B- La société civile

La société civile dans cette étude sera essentiellement composée d’Organisations Non Gouvernementales nationales et internationales. Dans la gestion du risque environnemental au Gabon, les populations et les Organisation Non Gouvernementales (ONG) nationales notamment sont exclues dans les prises de décisions stratégiques, leurs avis, de manière générale, ne sont généralement pas pris en compte. Ces derniers en effet, sont souvent mis à l’écart dans le processus de décisions et leurs propositions n’influencent généralement pas celles prises au niveau national par l’Etat.

Aussi, concernant les Organisation Non Gouvernementales (ONG), est-il pour nous plus judicieux de faire une distinction entre les Organisations Non Gouvernementales nationales et celles internationales car, cette distinction est importante dans la mesure où le rapport de pouvoir n’est pas le même. Les Organisations Non Gouvernementales ONG internationales bénéficient d’une influence et d’une crédibilité plus importantes contrairement aux Organisations Non Gouvernementales nationales.

Les ONG nationales par contre éprouvent des difficultés à s’affirmer en tant qu’acteurs crédibles dans la gestion du risque environnemental au Gabon. L’insuffisance de moyens financiers, techniques et technologiques, ainsi qu’humains a une grande part de responsabilité dans cette situation. Il y a également le dénigrement dont font l’objet ces institutions de la part des responsables de l’Etat. Il n’est pas rare en effet de constater lors de la présentation au public par les autorités politiques, du choix d’un grand projet économique qui engage également l’avenir de l’environnement et des ressources naturelle du pays, de voir

par média interposés, s’installer un rapport de forces ouvert entre l’Etat et les Organisations Non Gouvernementales nationales et internationales.
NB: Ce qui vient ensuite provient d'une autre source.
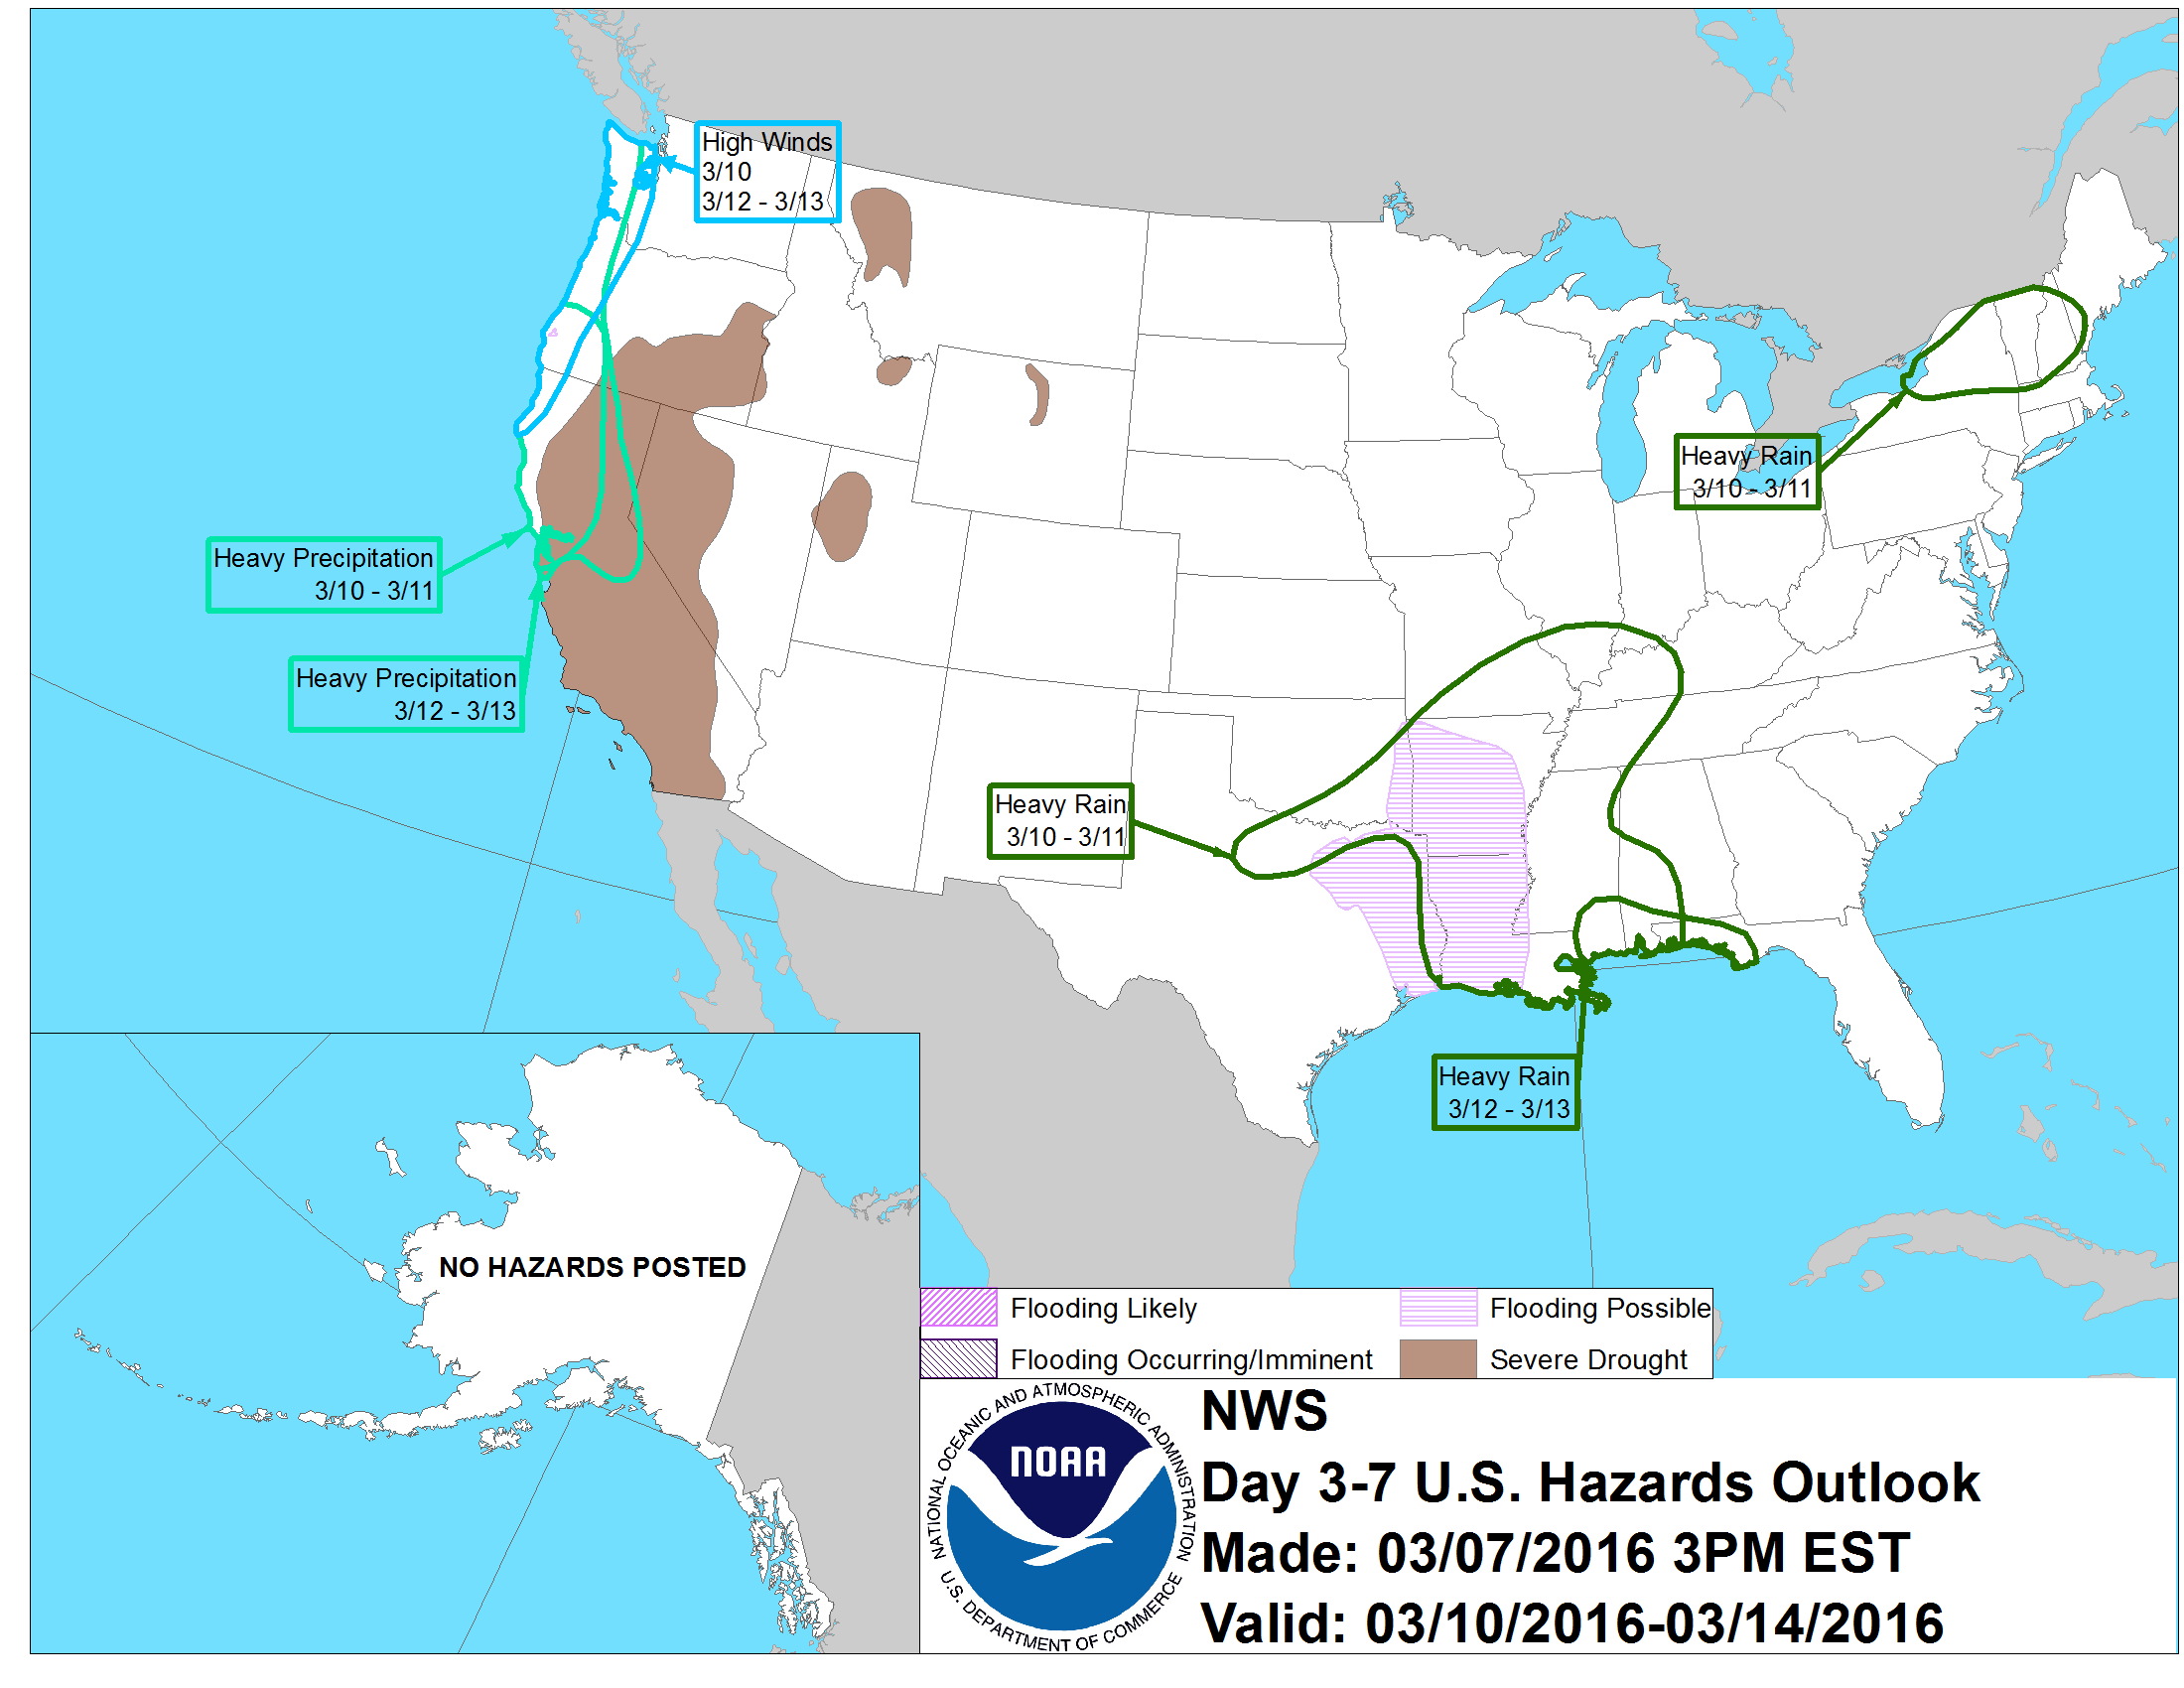 "Heavy Precipitation" forecast on the West Coast from March 10-13th. image: noaa, today

Le cas le plus récent et le plus en vue date de ces dernières années et notamment de 2007 avec le projet de l’exploitation du gisement de fer de Belinga censé créer selon le Gouvernement, 26 850 emplois pour les nationaux, attribué à un groupement d’entreprises chinoises dont l’actionnaire de référence est la société CMEC. « En 2006, au Gabon, CVRD a été écarté du projet de l’exploitation de la mine de fer de Bélinga au profit de la société chinoise CMEC (China National Machinery and Equipement Import and Export Corporation) » (Lafargue, 2008, p. 145). Ce projet gigantesque avait porté sur la scène publique, comme jamais auparavant, le désaccord entre l’Etat et les Organisations Non Gouvernementales.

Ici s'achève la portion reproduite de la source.